VI. PRIMER CARGO Acusa la sentencia recurrida de haber incurrido en una «…violación directa por “infracción directa” del Decreto 2351 de 1965, numeral 8, Terminación del Contrato sin justa causa, Artículo 64, 65 y 66 del C.S.T.» En desarrollo del cargo, alega que en este caso se ejecutó un despido sin justa causa, en la medida en que estuvo precedido de un proceso disciplinario en el que se quebrantó el debido proceso del actor, no se escucharon sus descargos y no fue convocado el Comité Paritario previsto en la convención colectiva de trabajo.
Dice también que los juzgadores de instancia no evaluaron el testimonio del señor Ricardo Aristóbulo Nope Pava, sobre la falta de convocatoria del referido comité, además de que obviaron el hecho de que el demandante se había ausentado de su sitio de trabajo para almorzar, «…algo necesario para el ser humano para poder sobrevivir…» Por otra parte, sostiene que la demandada no le pagó al actor en forma completa las prestaciones sociales, en el momento de la finalización del contrato de trabajo, ni le practicó el examen médico de retiro, por lo que procede el pago de la indemnización moratoria, además de que, por haber perdurado la relación laboral durante más de 20 años y haberse terminado sin justa causa, debe ordenarse el reintegro del trabajador.
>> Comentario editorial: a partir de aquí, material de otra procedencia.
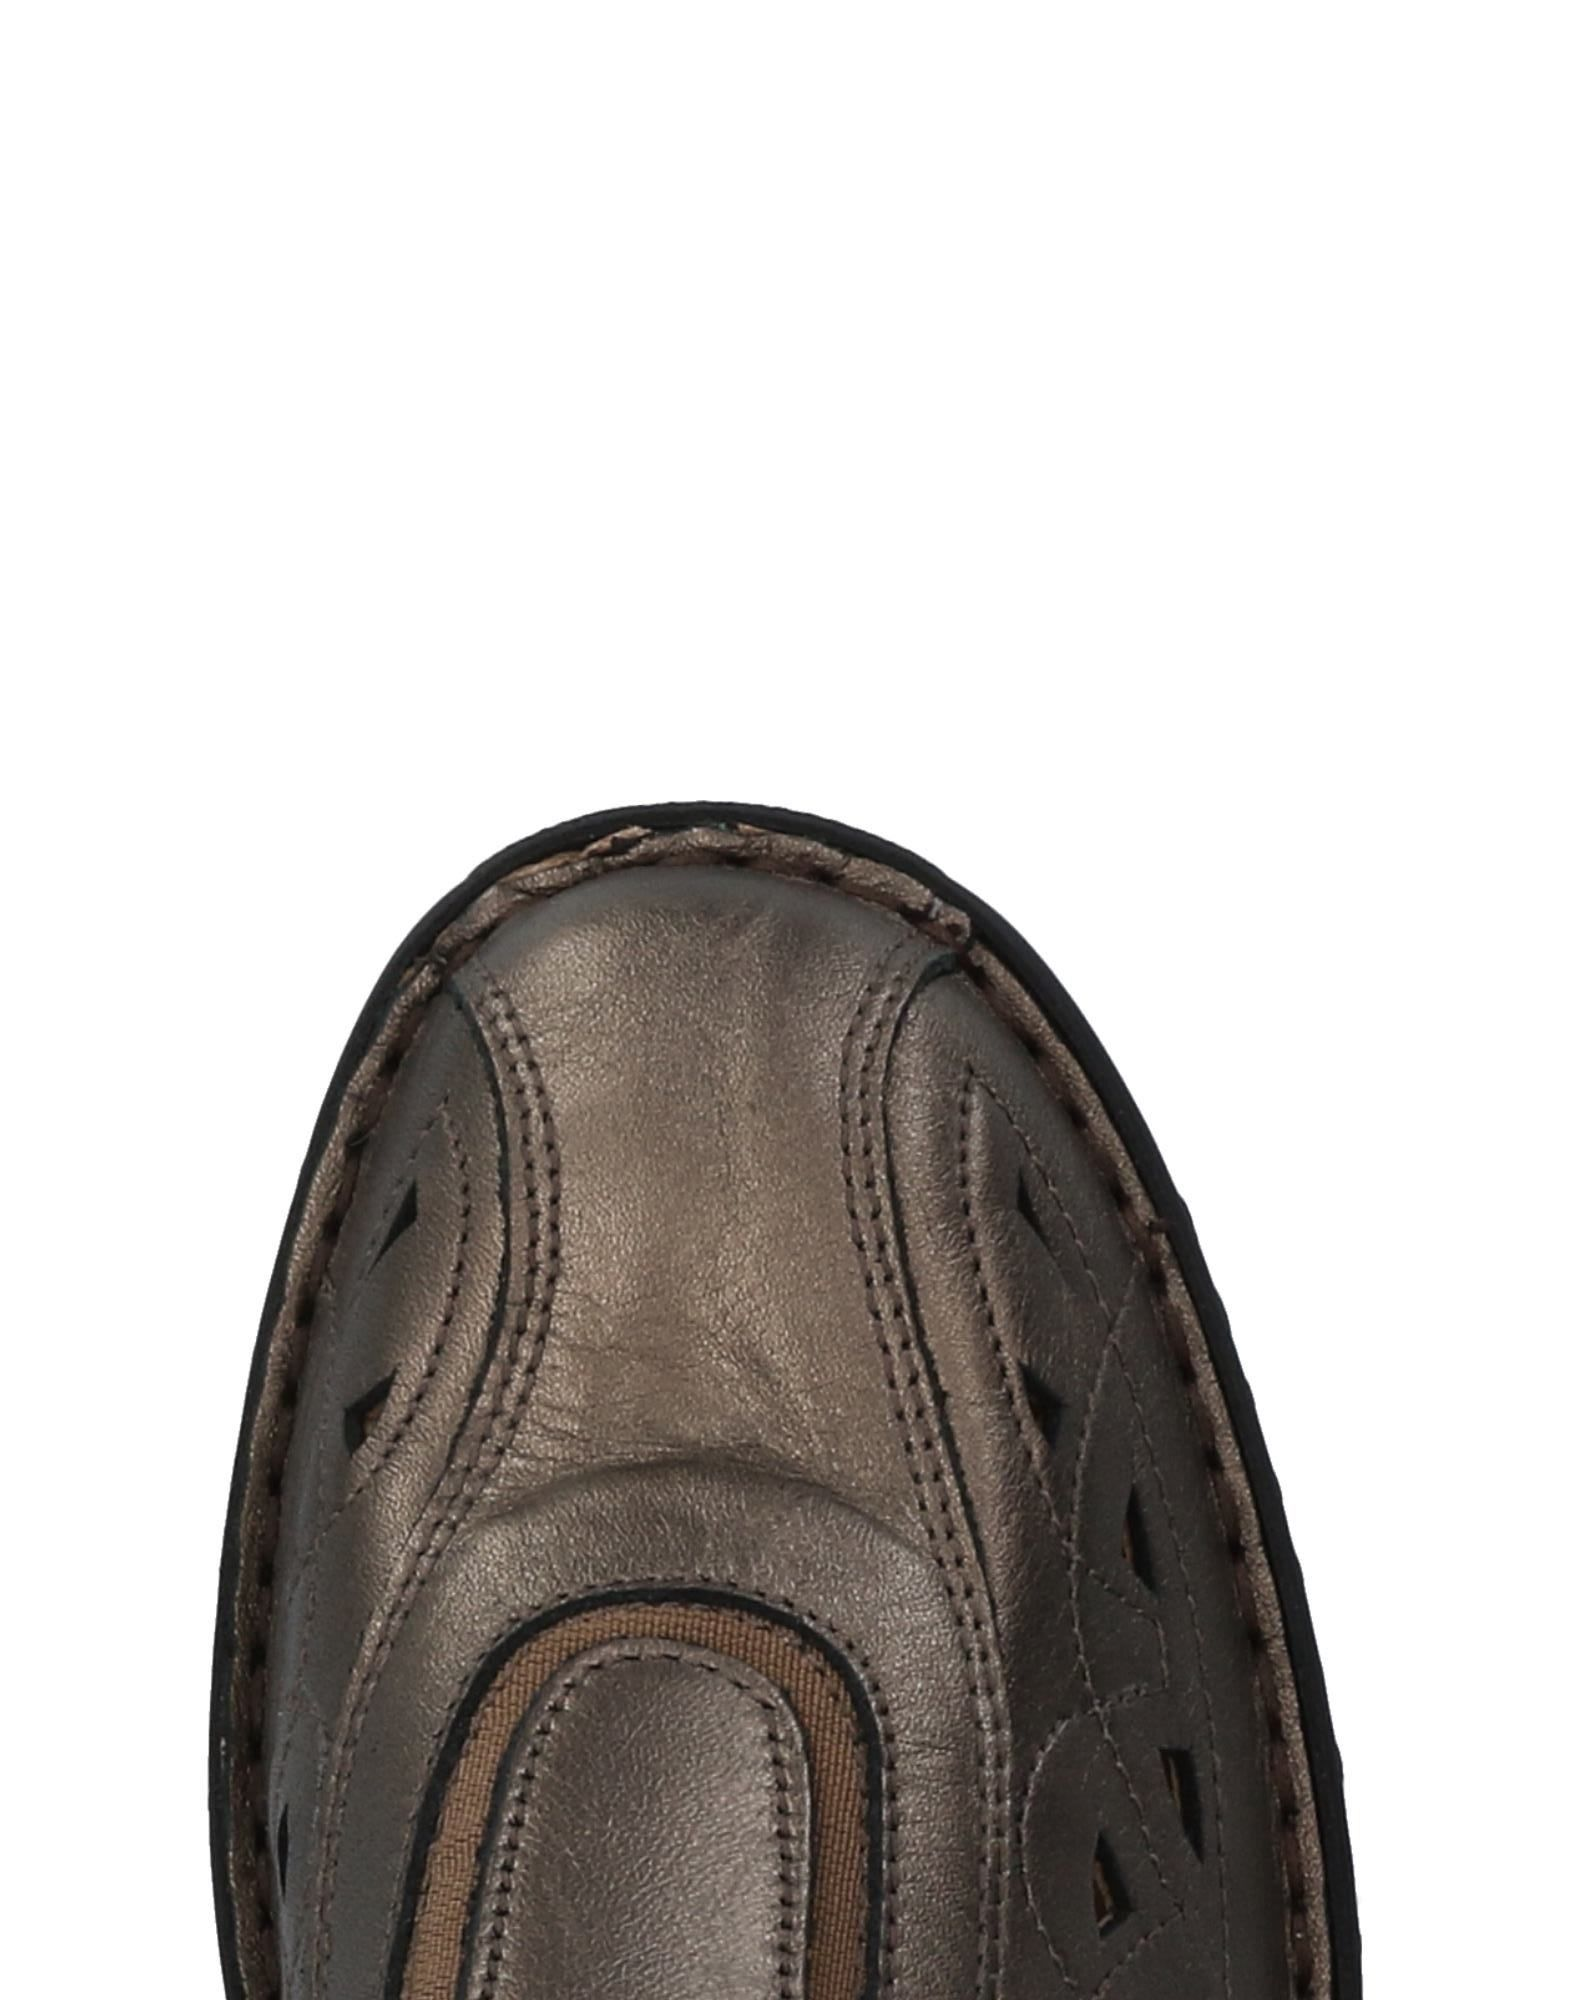 Haltbare Mode billige Schuhe 11465053DW Stiledivita Sneakers Damen  11465053DW Schuhe Heiße Schuhe 113a43

VII. RÉPLICA Advierte que el cargo no cumple los requisitos formales legales y, por lo mismo, debe ser rechazado por la Corte. En tal sentido, subraya que la censura deja libre de ataque la consideración del Tribunal relacionada con que la demostración de la justa causa de despido estaba por fuera de debate y se centra en el análisis de pruebas no calificadas, dentro de un discurso más parecido a un alegato de instancia. VIII.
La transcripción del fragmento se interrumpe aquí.